Work required: Only the lines in the entries below from the line with "the Duke and I novel by Julia Quinn" to the line with "Scandinavian Modular Off-White", both included, belong in the answer, transcribed exactly and without pictures.

Data for processing:
-----
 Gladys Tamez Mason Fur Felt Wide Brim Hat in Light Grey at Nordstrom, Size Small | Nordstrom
-----
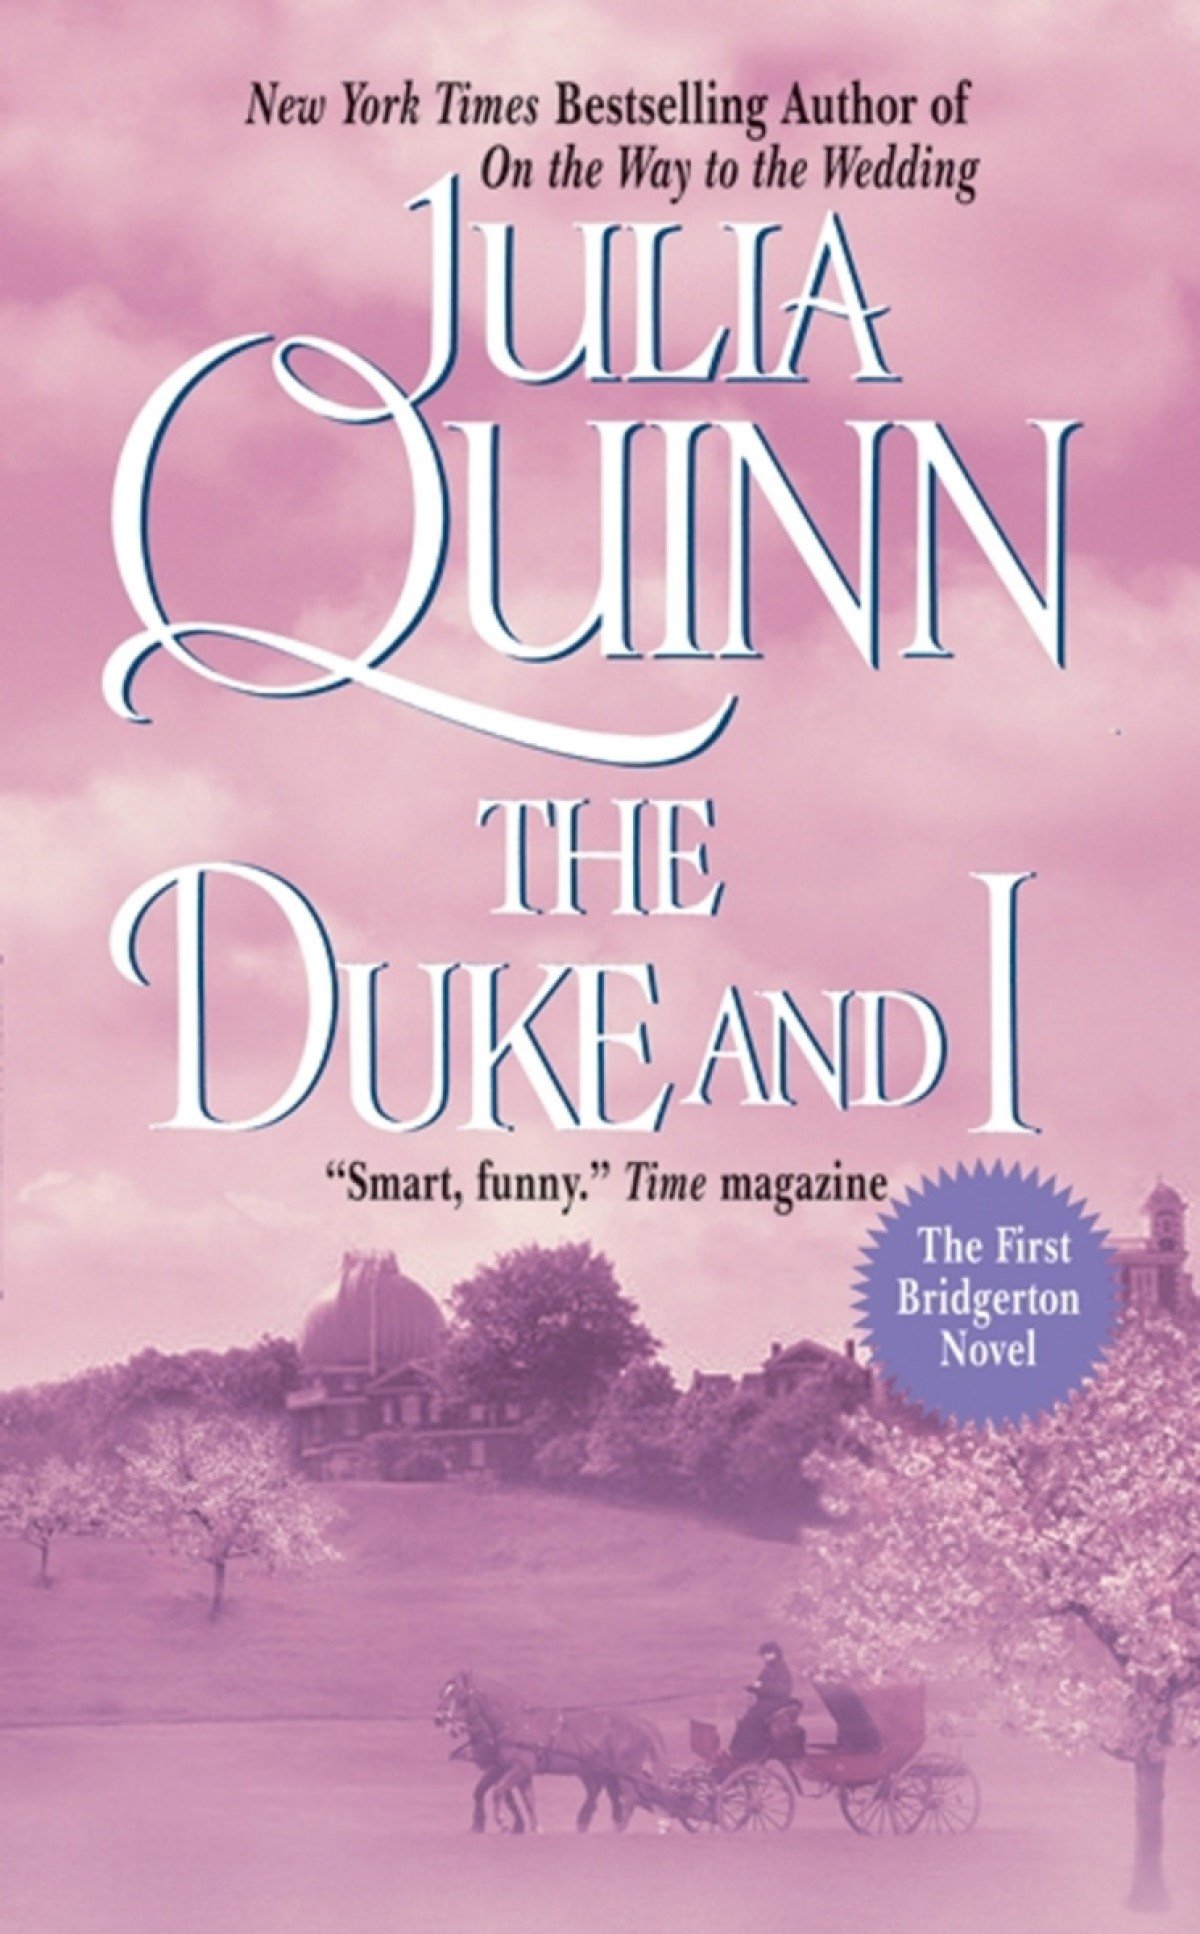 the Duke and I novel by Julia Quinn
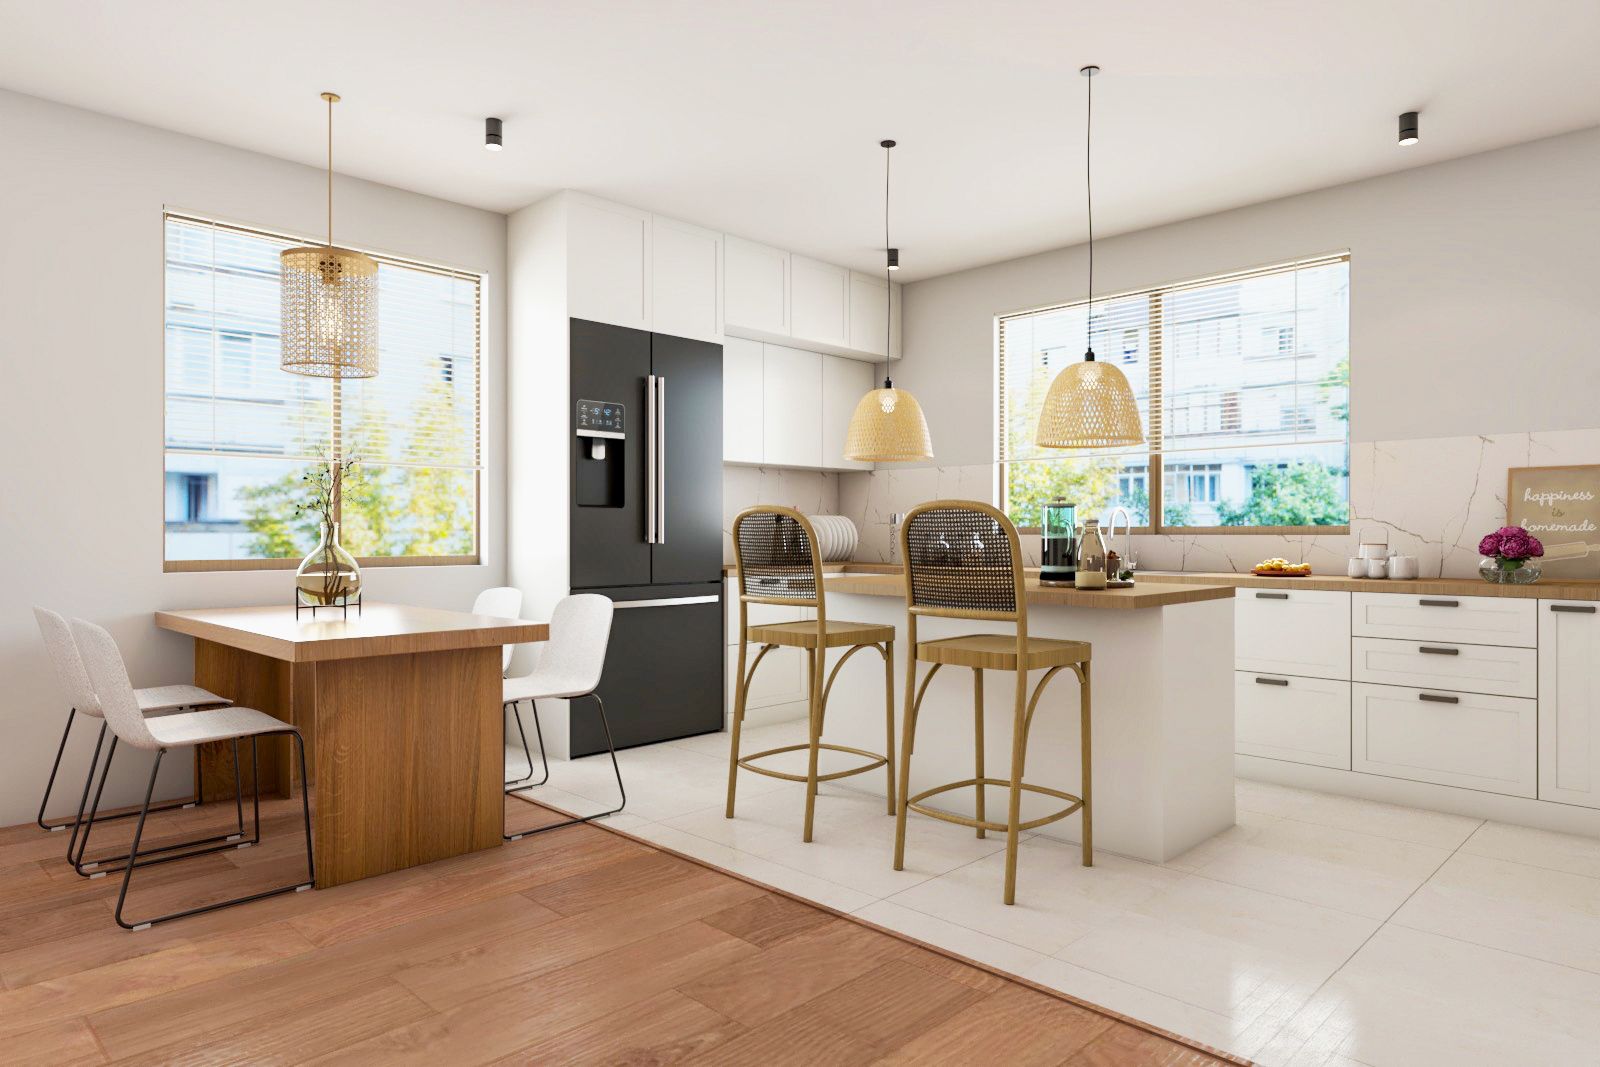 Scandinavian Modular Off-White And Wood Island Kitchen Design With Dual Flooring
-----
Response for this exercise:
 the Duke and I novel by Julia Quinn
 Scandinavian Modular Off-White And Wood Island Kitchen Design With Dual Flooring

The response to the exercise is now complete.